What the exercise asks: All of the data, word for word and free of pictures, is the expected result.

### Given data ###

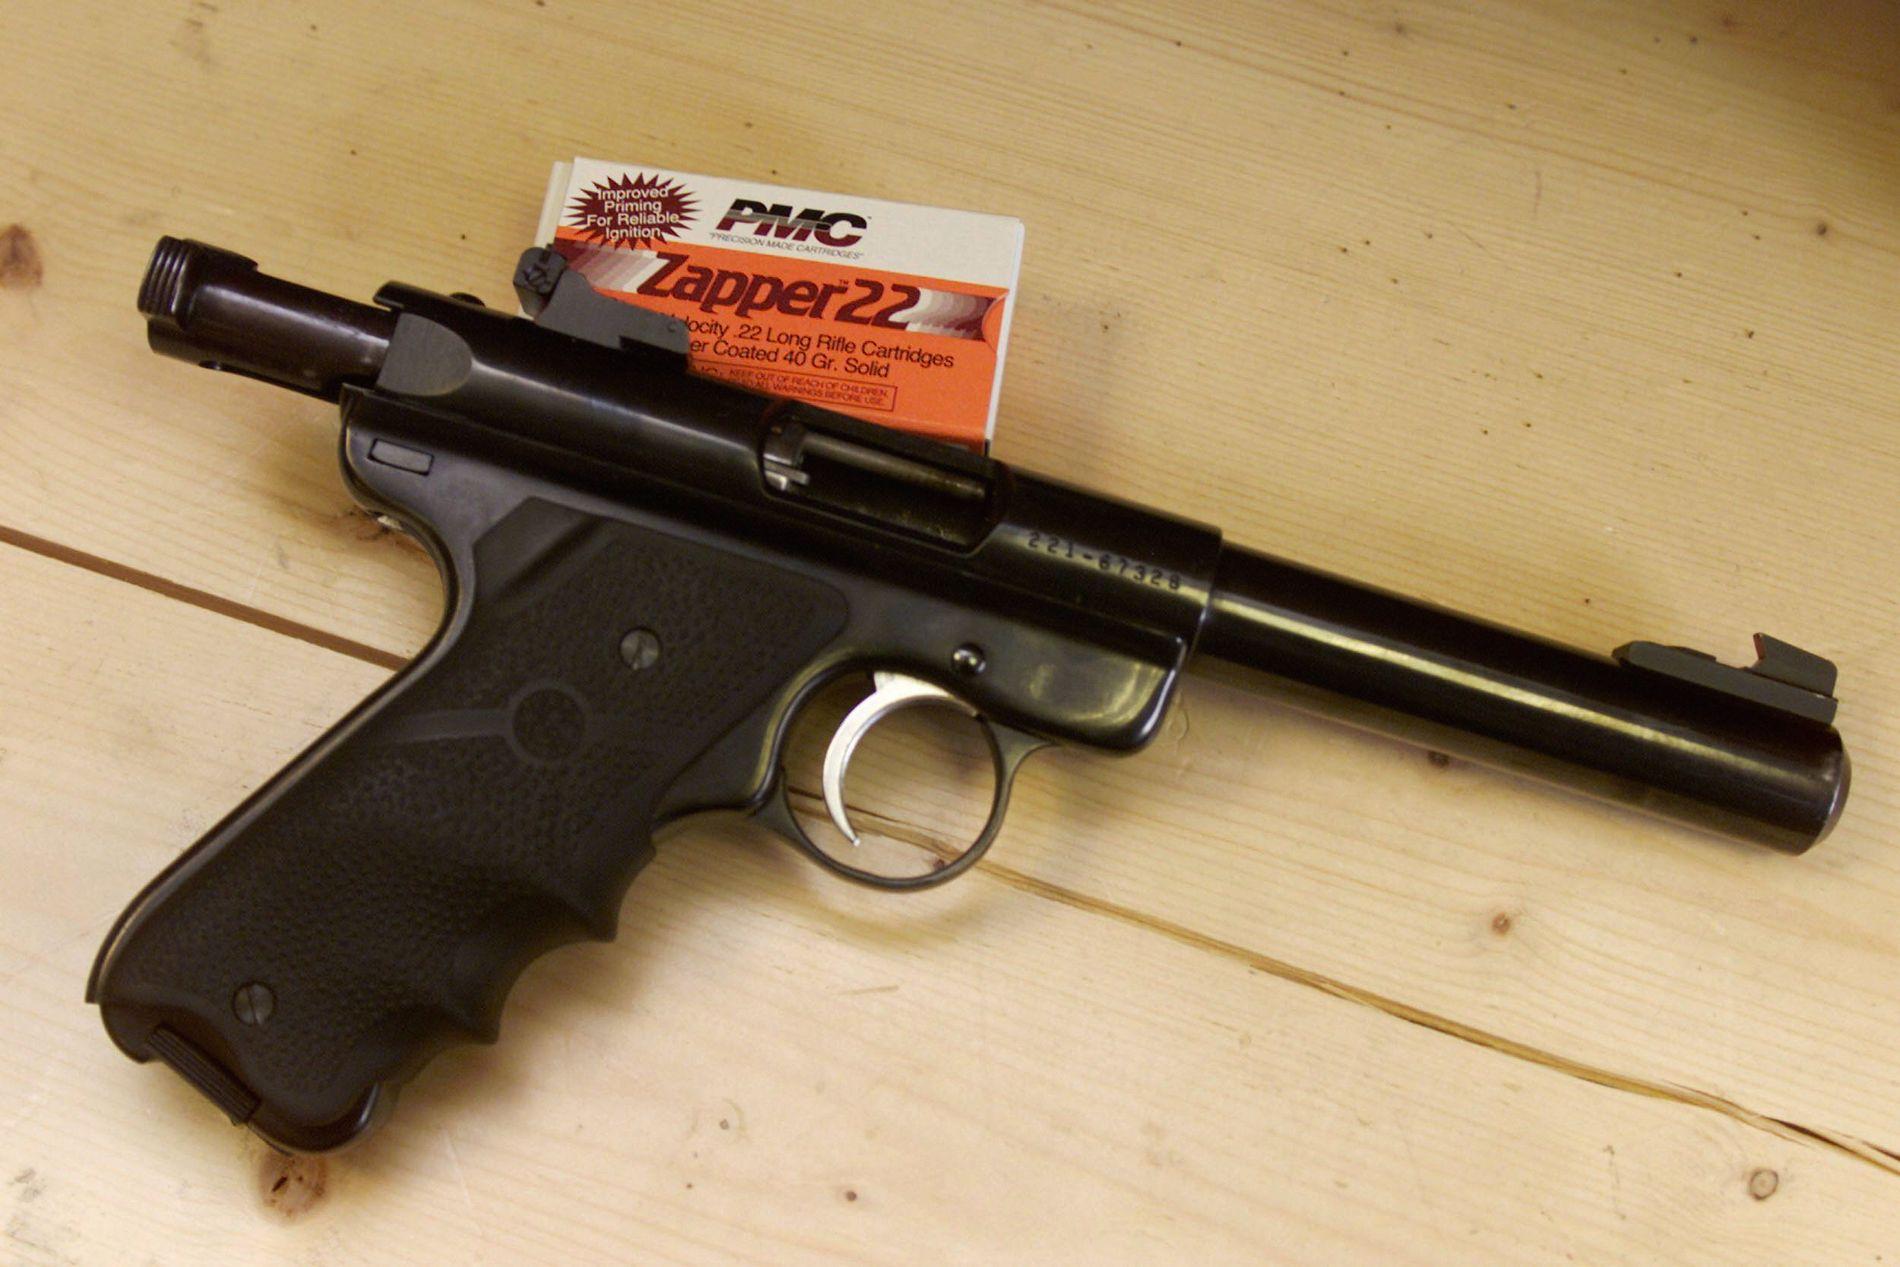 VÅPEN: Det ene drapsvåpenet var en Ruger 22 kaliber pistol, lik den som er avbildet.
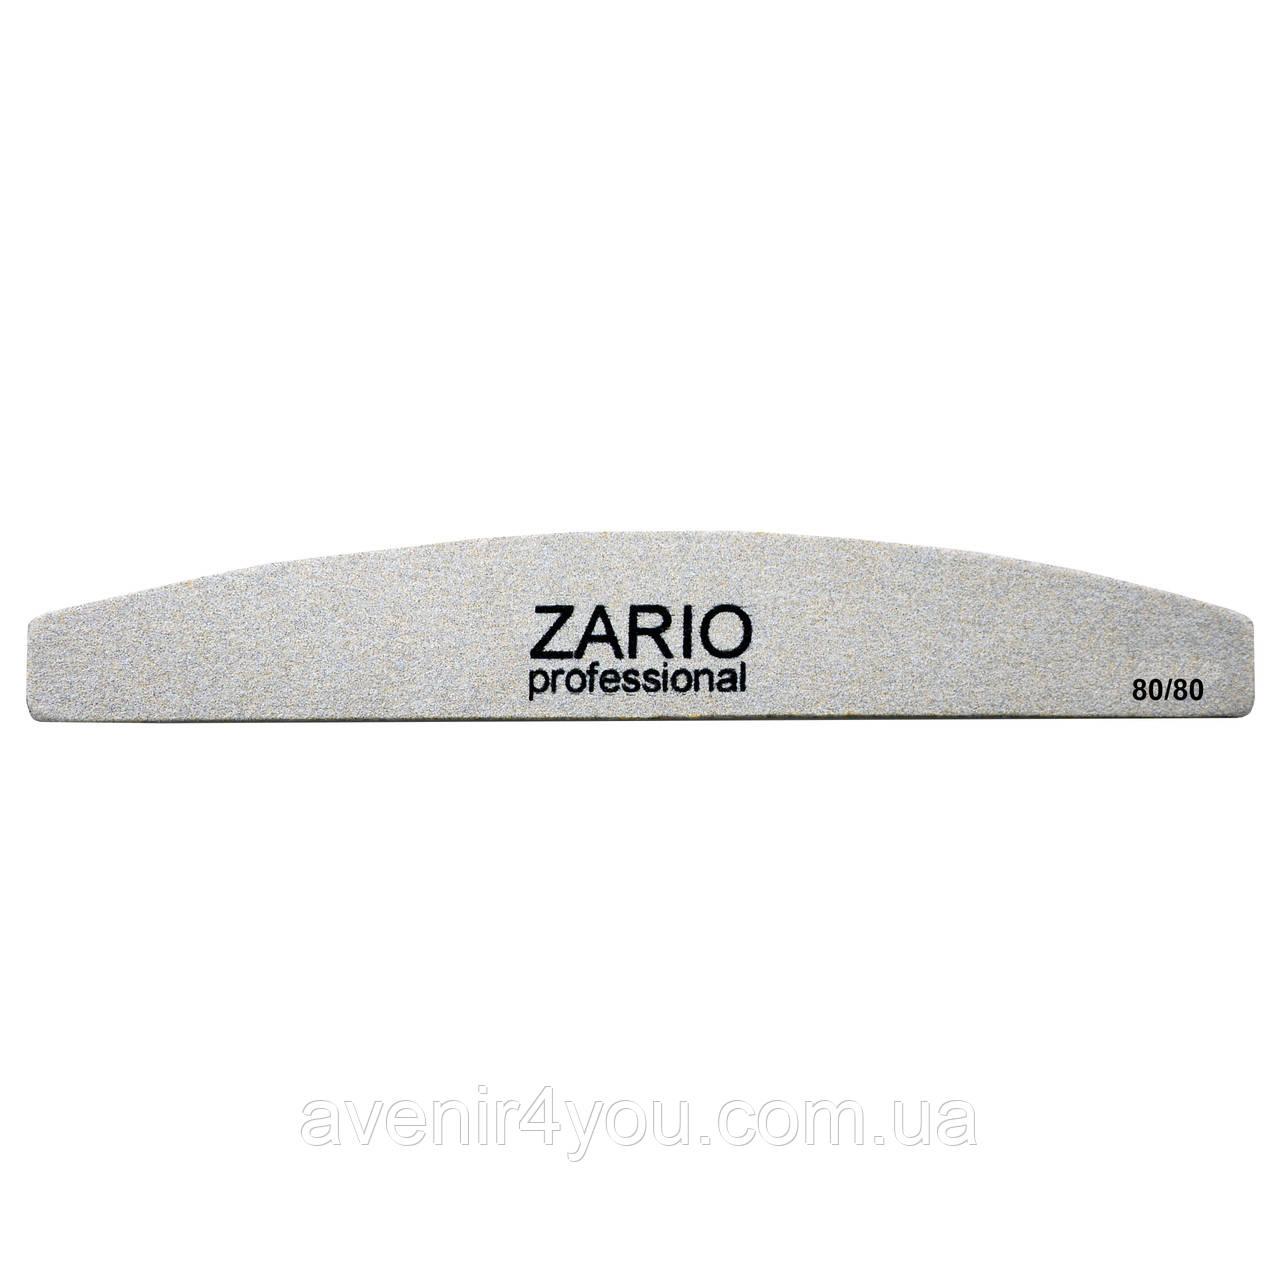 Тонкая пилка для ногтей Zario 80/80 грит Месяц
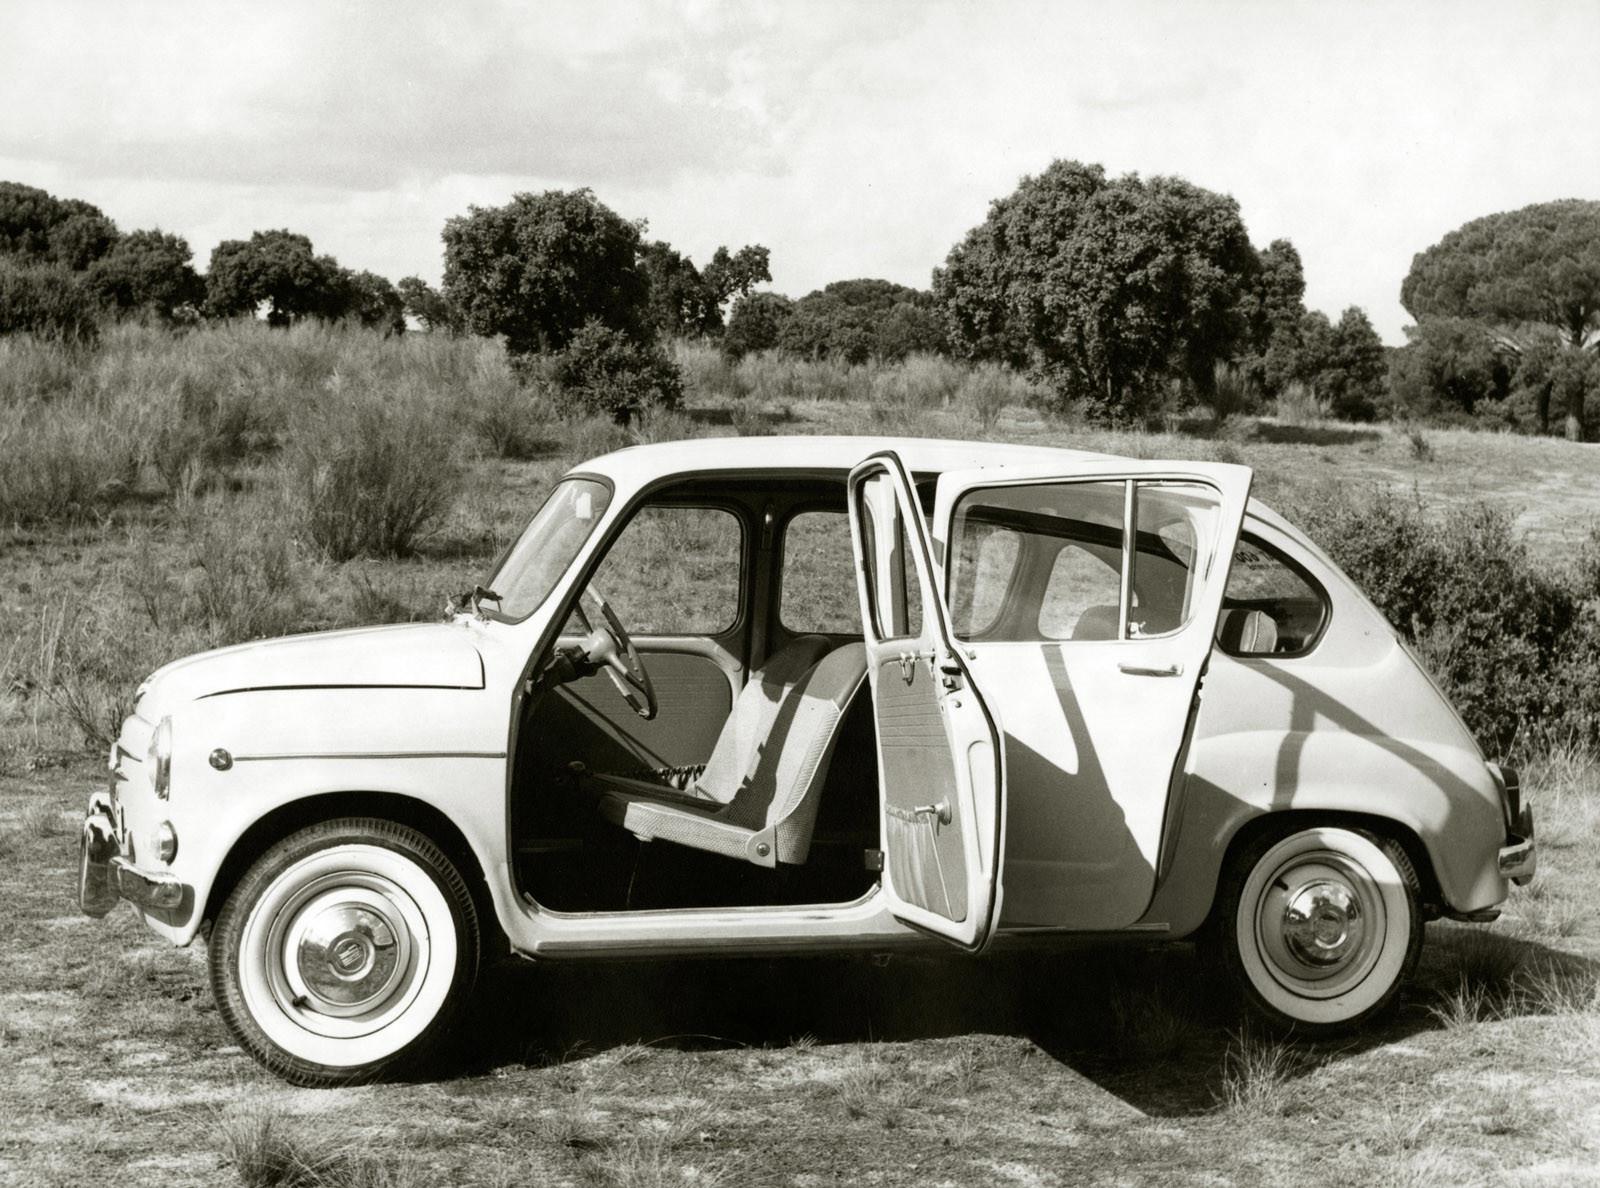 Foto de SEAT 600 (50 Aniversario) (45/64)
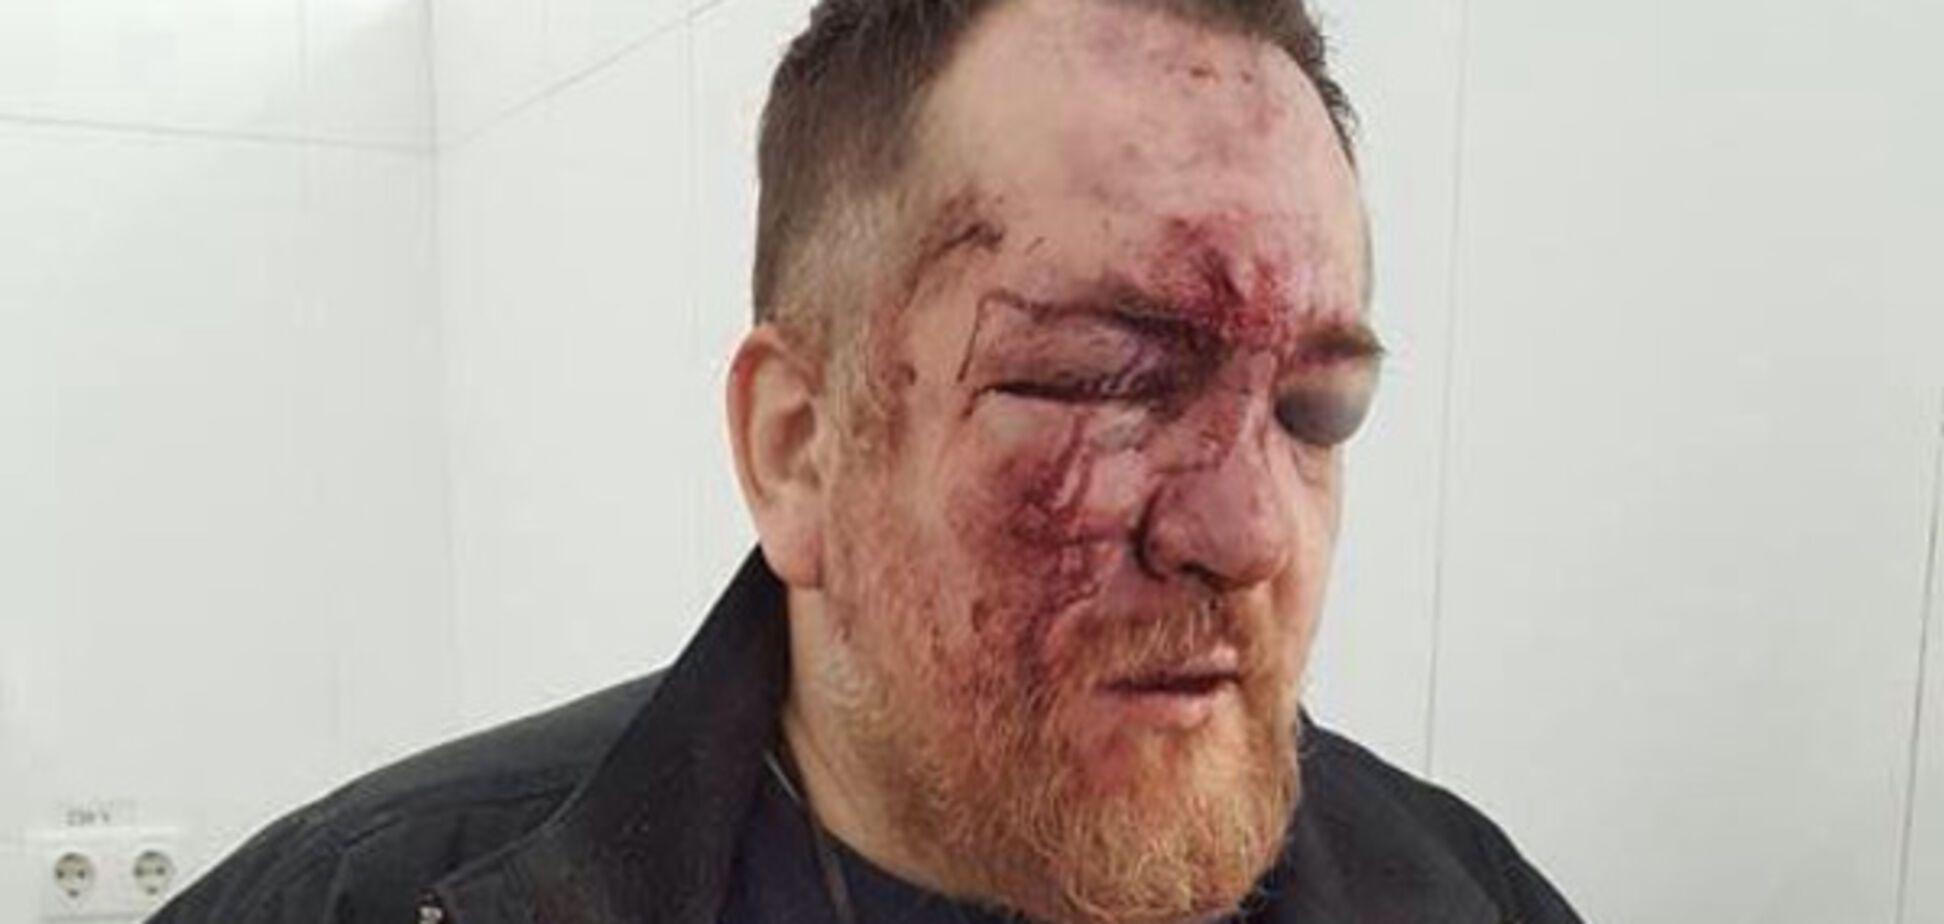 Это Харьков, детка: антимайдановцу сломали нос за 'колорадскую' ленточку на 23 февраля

###

Expected output:
 VÅPEN: Det ene drapsvåpenet var en Ruger 22 kaliber pistol, lik den som er avbildet.
 Тонкая пилка для ногтей Zario 80/80 грит Месяц
 Foto de SEAT 600 (50 Aniversario) (45/64)
 Это Харьков, детка: антимайдановцу сломали нос за 'колорадскую' ленточку на 23 февраля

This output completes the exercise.